# Ryanair web check in announcement



## Anthony Reid (Jan 1, 2002)

I thought this might be of interest to those travelling abroad.

RYANAIR MAKES WEB CHECK-IN FREE TO REDUCE AIRPORT QUEUES

Web Check-in/Priority Boarding service entirely free 
Airport check-in desk service charged at £2/€3 per person 
All other passengers can purchase priority boarding online 
Ryanair, Europe's largest international airline, today (Friday, 24th August 2007) announced new incentives to encourage passengers to use Ryanair's "Check'N'Go" web check in service, while at the same time discouraging passengers from checking in bags or using airport check in queues. Ryanair's web check-in service will be entirely free and enables passengers travelling with only hand luggage to avoid airport check-in and go straight through security, cutting out the queues and overcrowding which are now commonplace at many airports.

With effect for new bookings made from Thursday, 20th September onwards:

Web check-in will be free for passengers travelling with hand luggage only* and will also include free priority boarding at the departure gate.

Passengers who do not avail of free web check-in will be charged £2/€3 for using airport check in facilities

**Priority boarding will be made available for purchase online as well as through the existing sales points - call centres and airports for a fee of £2/€3 per person

Announcing these new incentives for passengers, Ryanair's Peter Sherrard said:

"Ryanair's web check in and priority boarding service has proven very popular among passengers by freeing them from check-in queues and departure gate queues. However clearly charging for this service has acted as a disincentive. We expect that providing this service free of charge (with Ryanair's generous hand baggage allowance of 10 kilos) will significantly increase usage. From the 20th September 2007, all passengers making new reservations on Ryanair.com will have the option to select the free web check-in and priority boarding service. Passengers who wish to travel with checked baggage will be subject to a small fee to reflect the cost of airport check in desk facilities.

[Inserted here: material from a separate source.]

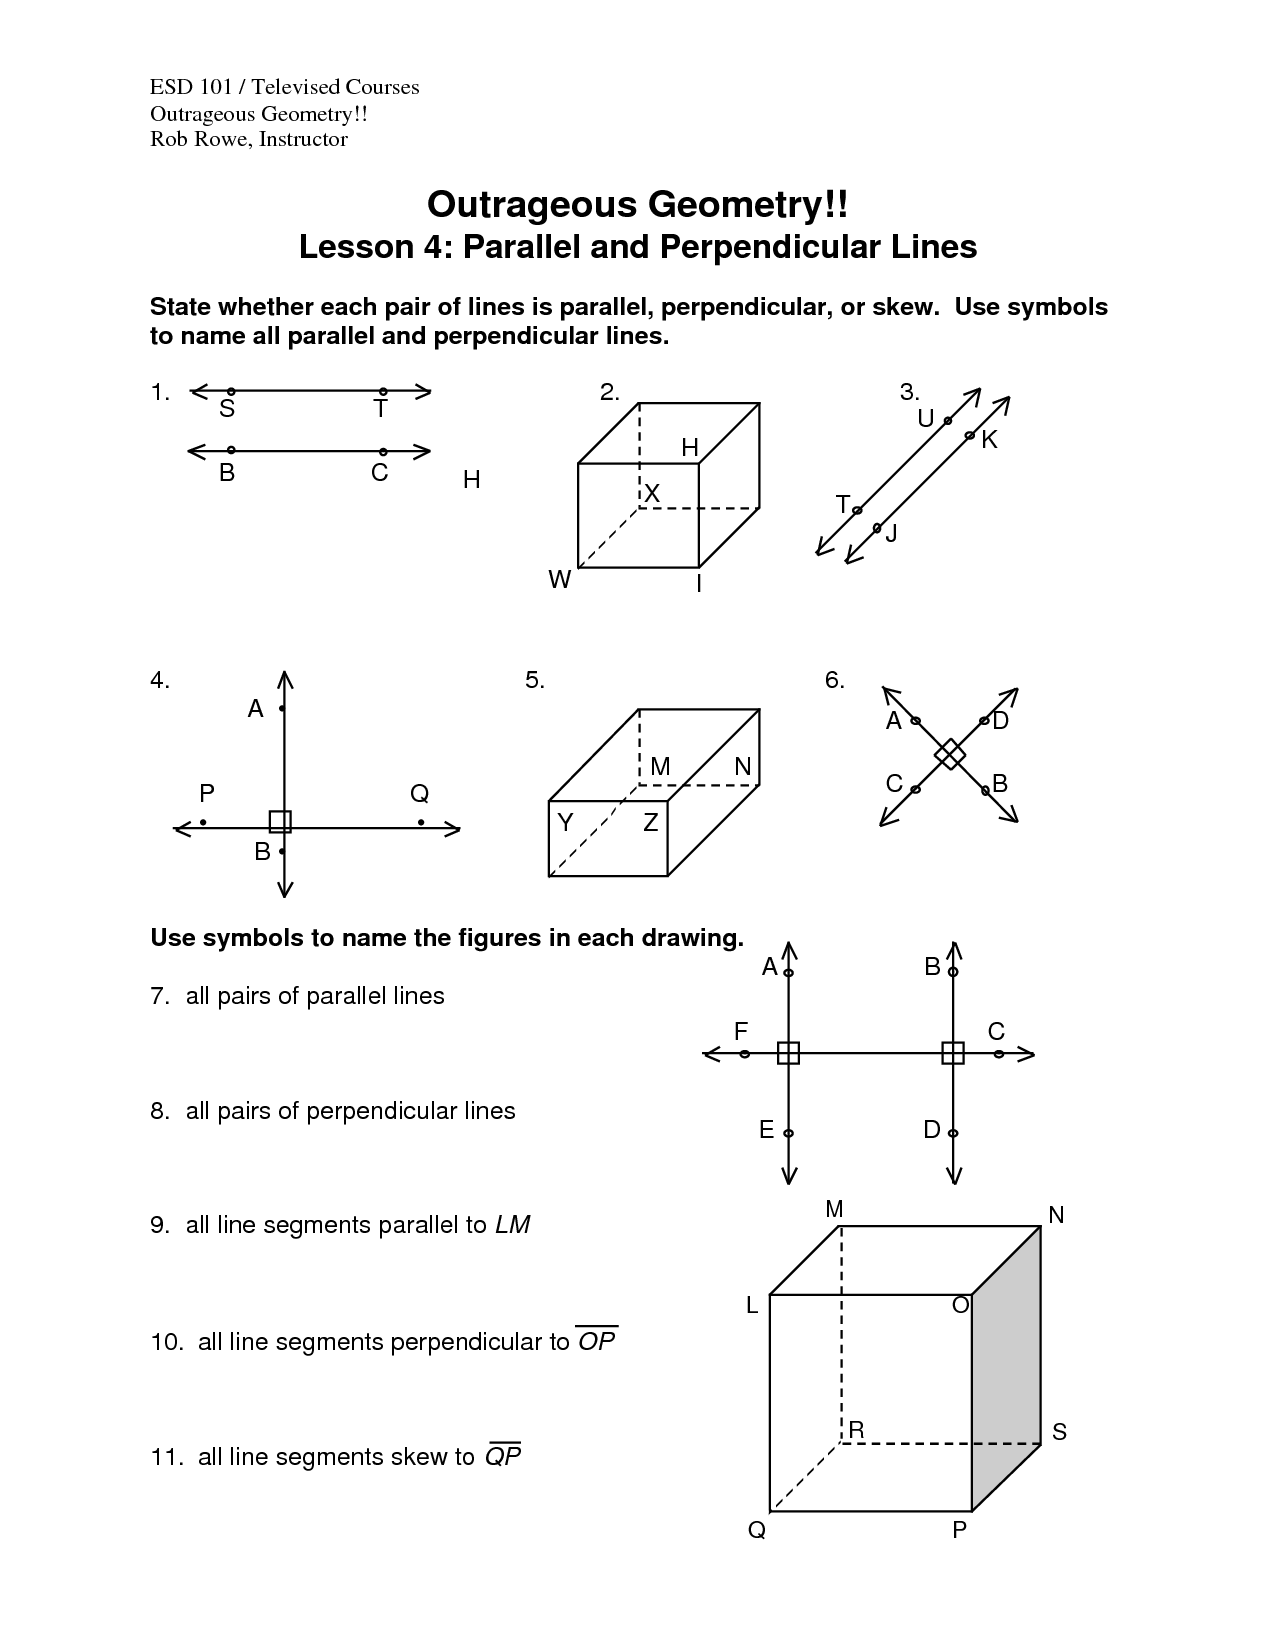 classifying-equations-of-parallel-and-perpendicular-lines-answer-key-tessshebaylo
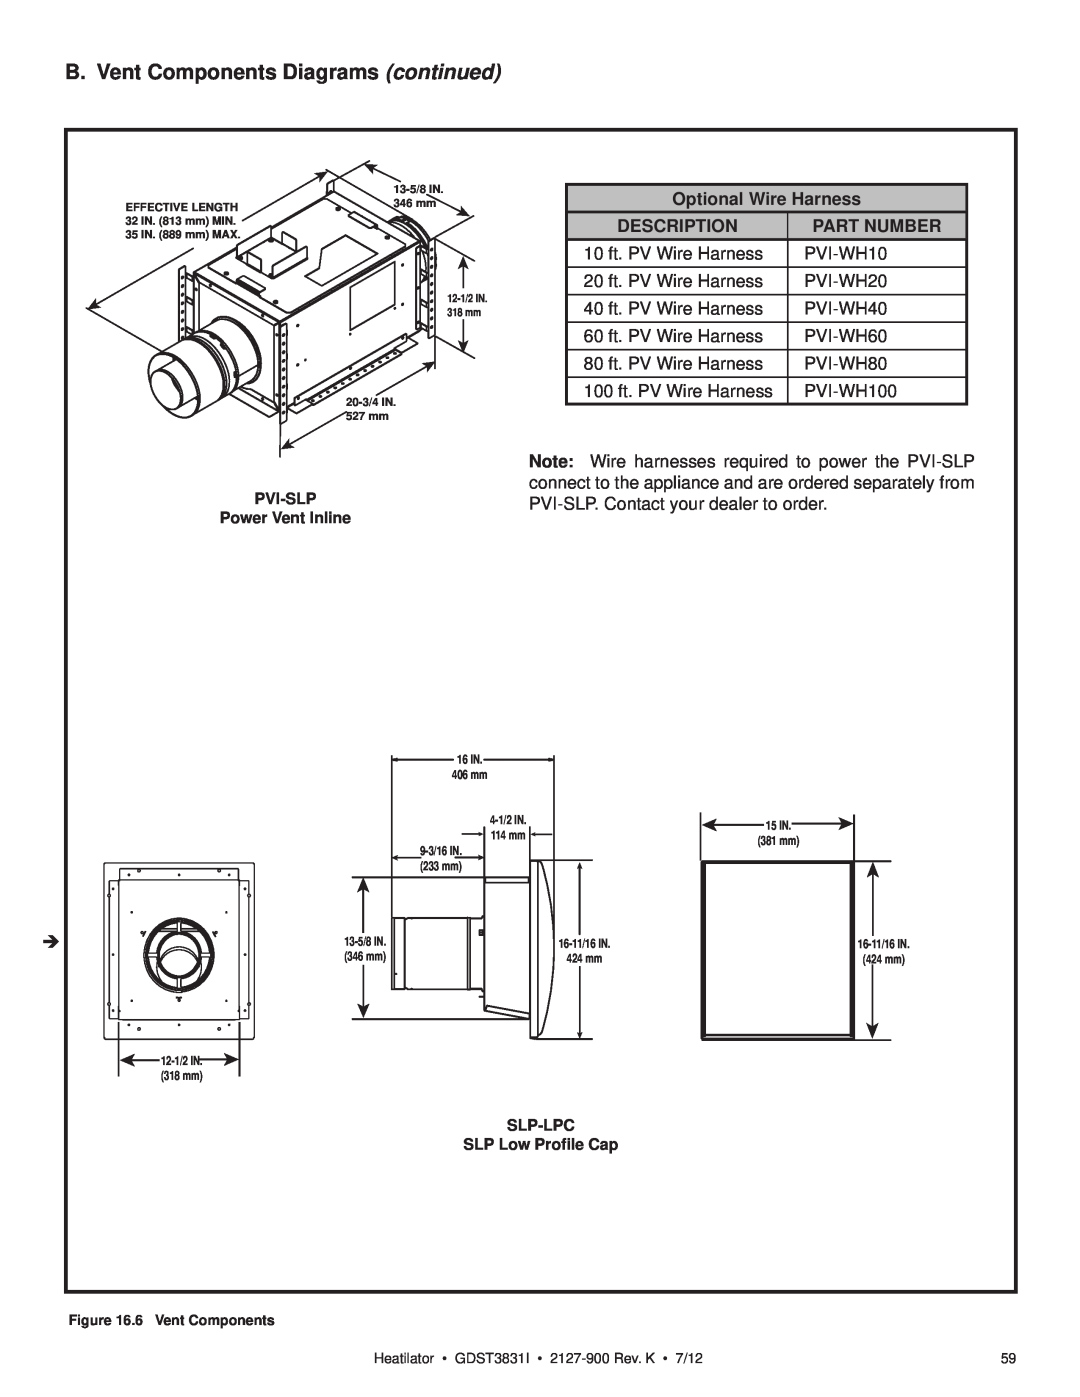 Heatiator GDST3831I owner manual B. Vent Components Diagrams continued, Optional Wire Harness, Description, Part Number

"Also from that date all passengers not using our web check service will be able to purchase our **priority boarding service on Ryanair.com as well as the existing call centre and airport ticket desks. This will make it much easier for passengers, particularly those travelling with families, to purchase our priority boarding service. These new measures will, we believe, encourage more and more passengers to travel without checked in baggage and use Ryanair's free web check-in and priority boarding service. These passengers will do so entirely free of charge, whilst avoiding the check in queues and being among the first to choose their seats onboard. Our web check-in/priority boarding service is undoubtedly the way forward, and with Ryanair's combination of lowest fares, more flights, best punctuality and now, free of charge web check in and priority boarding, passengers have never had a better deal on Ryanair, the world's favourite airline".

*Certain passenger restrictions apply see online check in website for details
** Passengers with special needs who have pre-advised Ryanair of their condition are not required to purchase priority boarding as seats will already be reserved onboard and they will be boarded after general boarding has been completed.


----------



## Suzie (Jan 22, 2004)

Drew and family web check in all the time with ryanair! 

so really helpful to know its free now 

x


----------



## bluebell (Dec 9, 2004)

Thanks Tony !!!!
Bluebell xxxx


----------